Exercise: Exercise in exact copying: restate word for word only the lines below from the one containing "Image of STV" through the one containing "wiring diagram for", omitting any pictures.

━━ Provided entries ━━

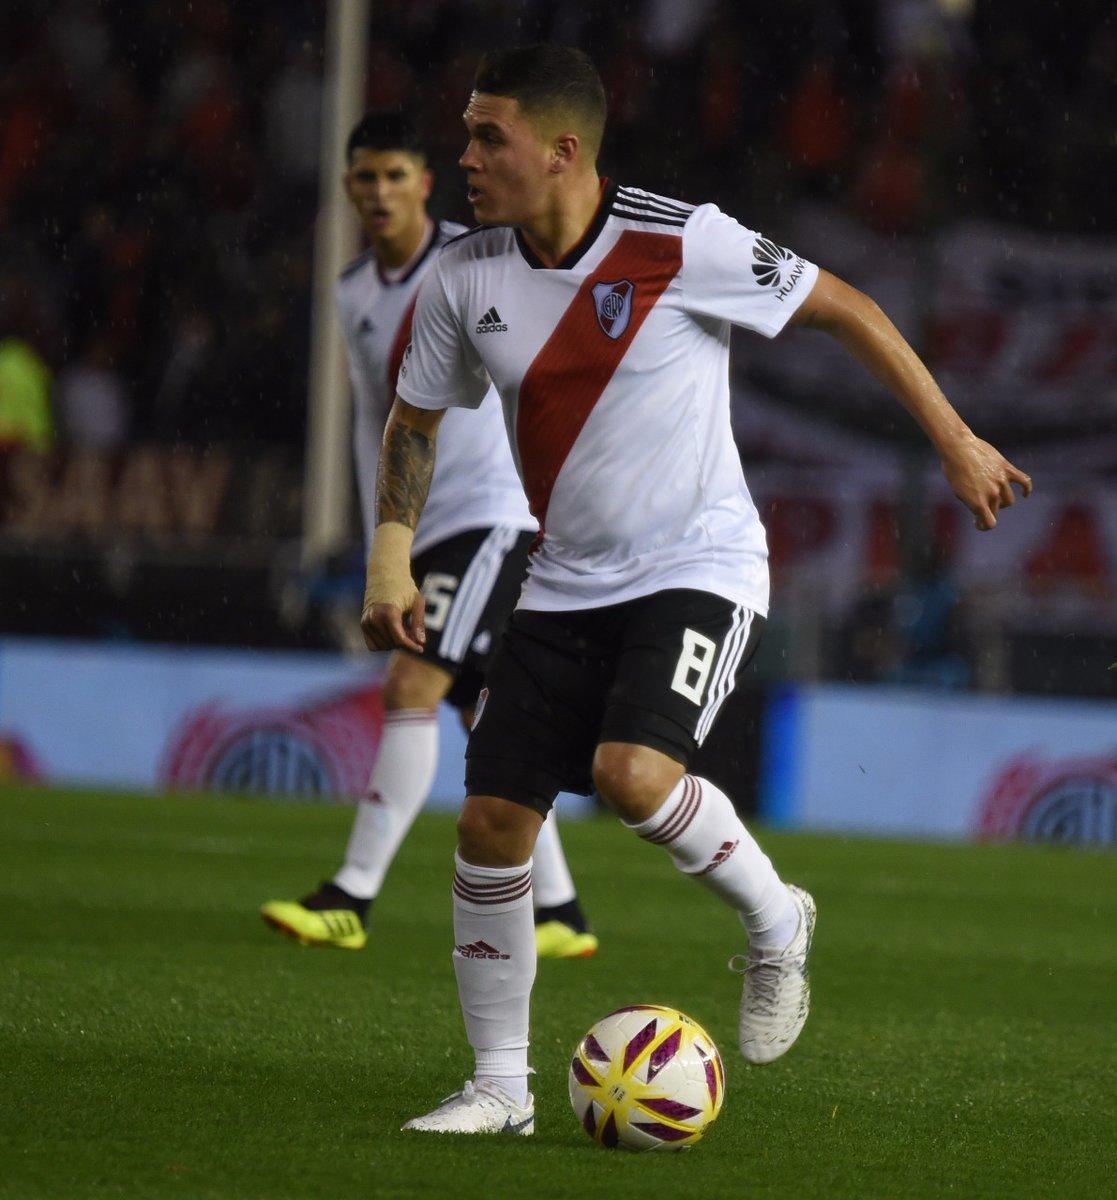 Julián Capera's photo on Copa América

━━━
━━ Provided entries ━━

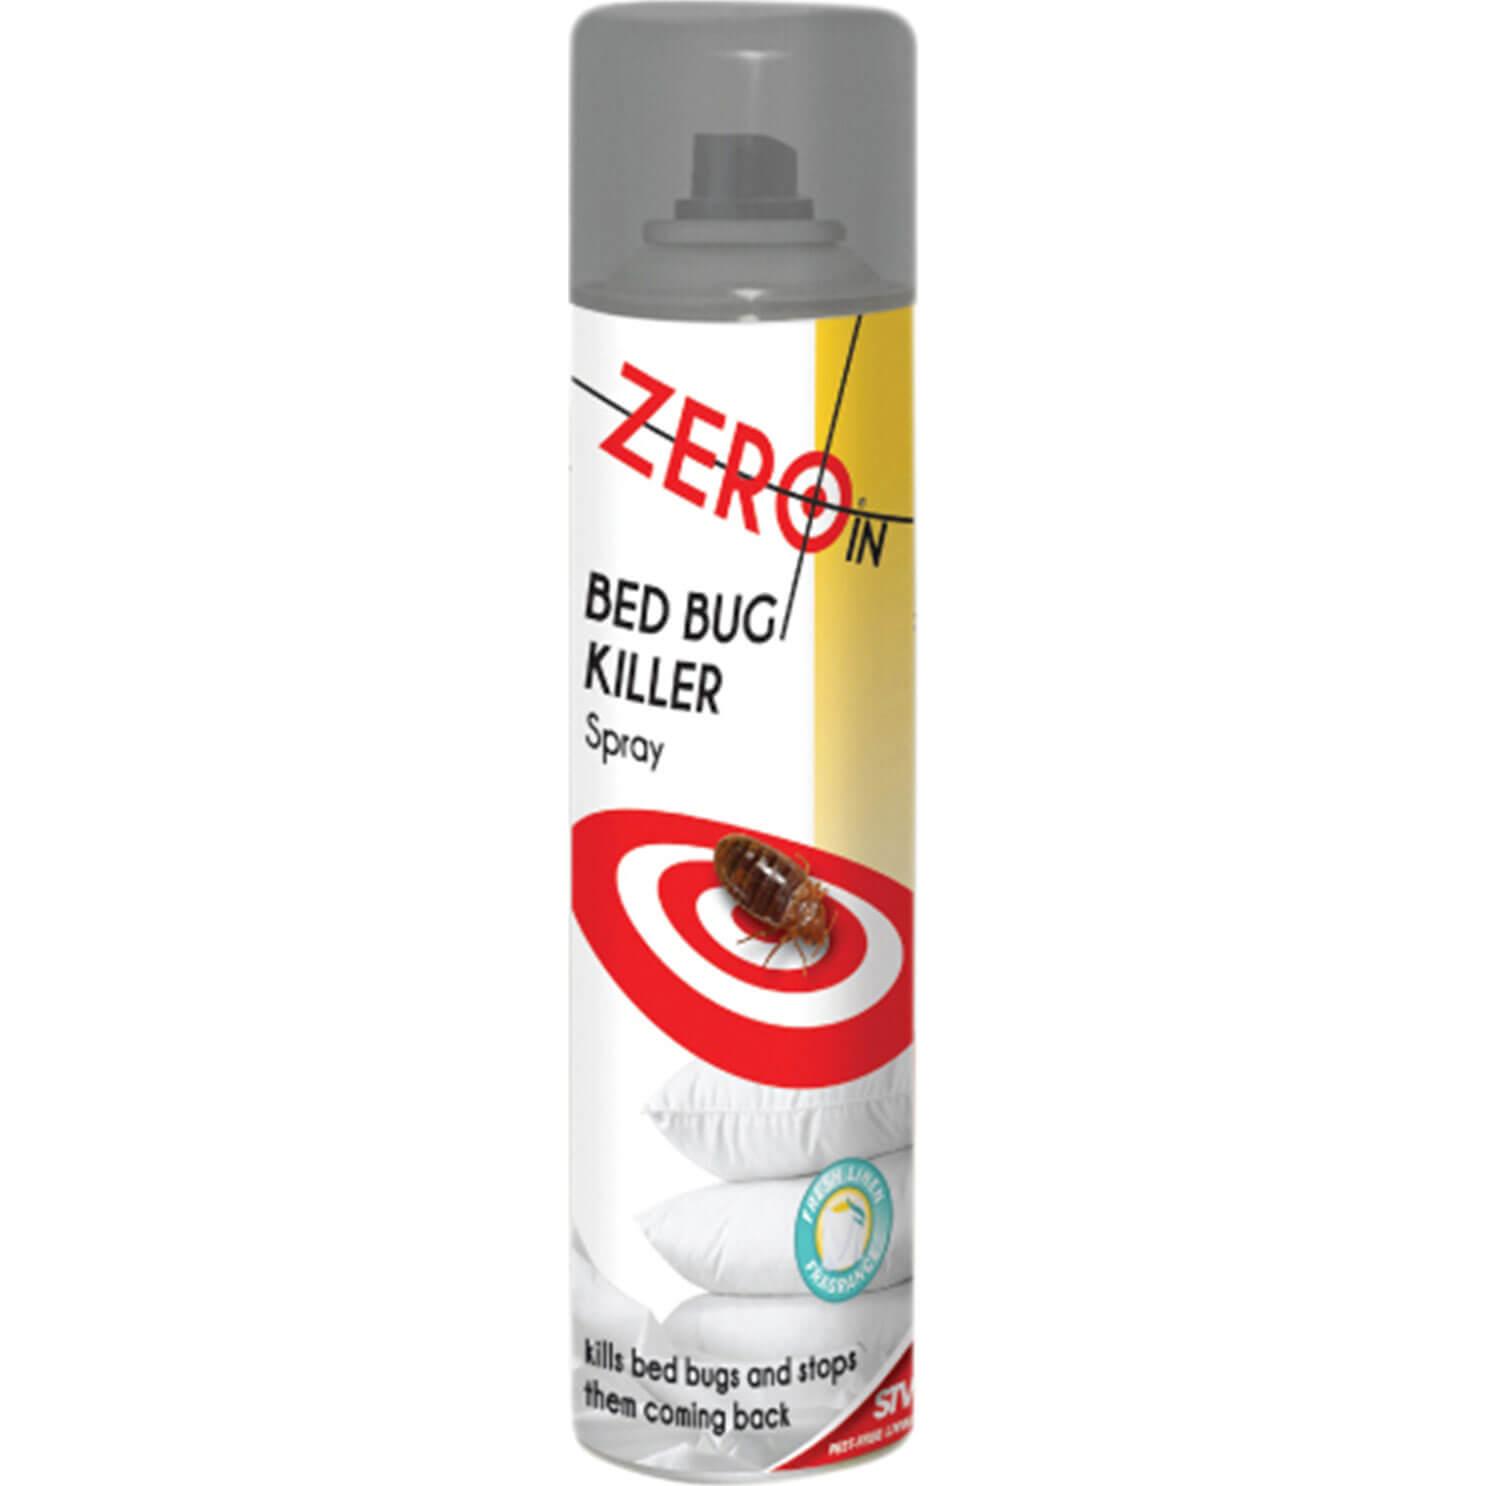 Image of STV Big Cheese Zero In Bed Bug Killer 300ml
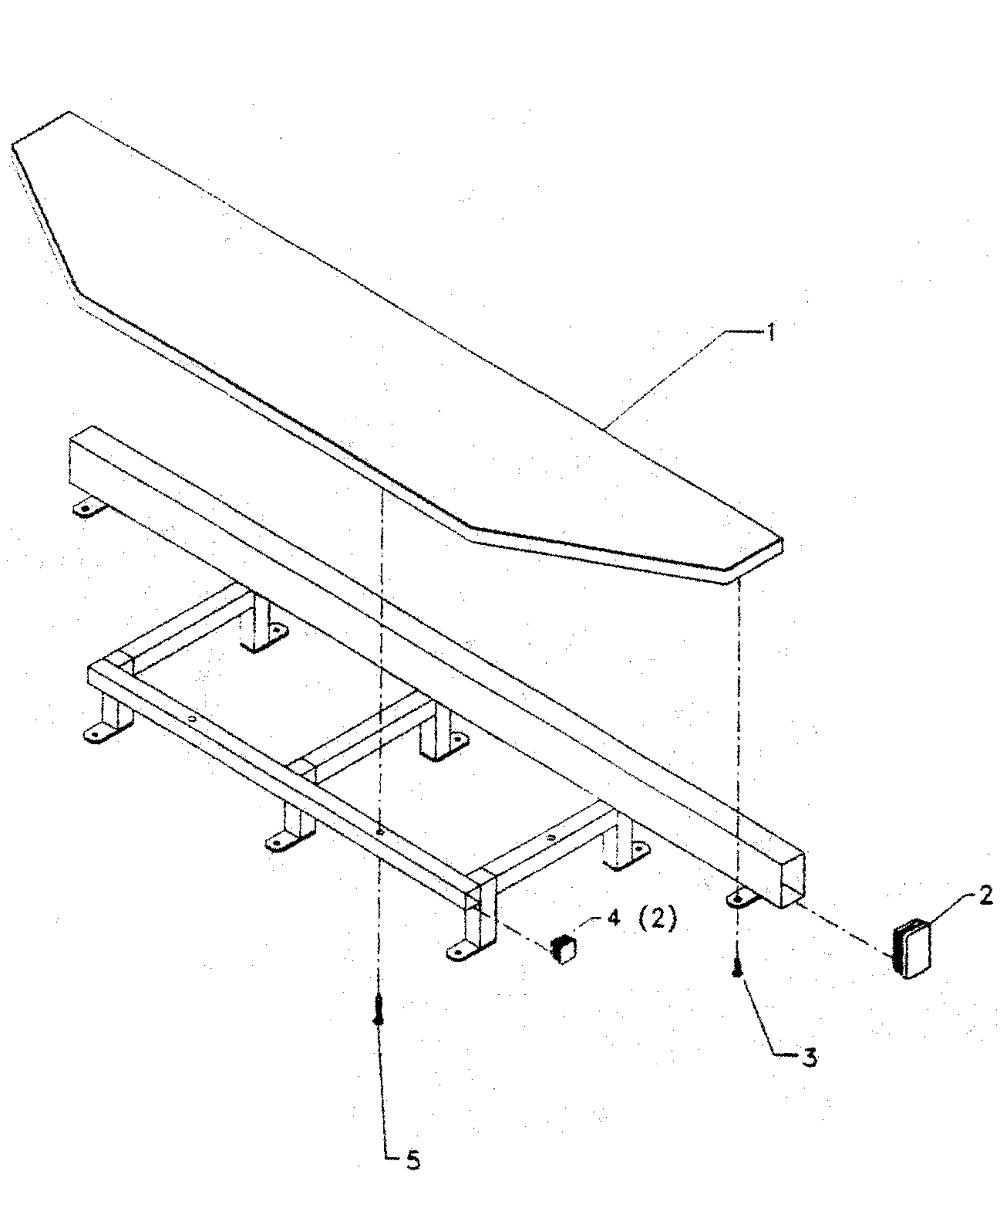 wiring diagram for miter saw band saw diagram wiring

━━━

Answer space:
 Image of STV Big Cheese Zero In Bed Bug Killer 300ml
 wiring diagram for miter saw band saw diagram wiring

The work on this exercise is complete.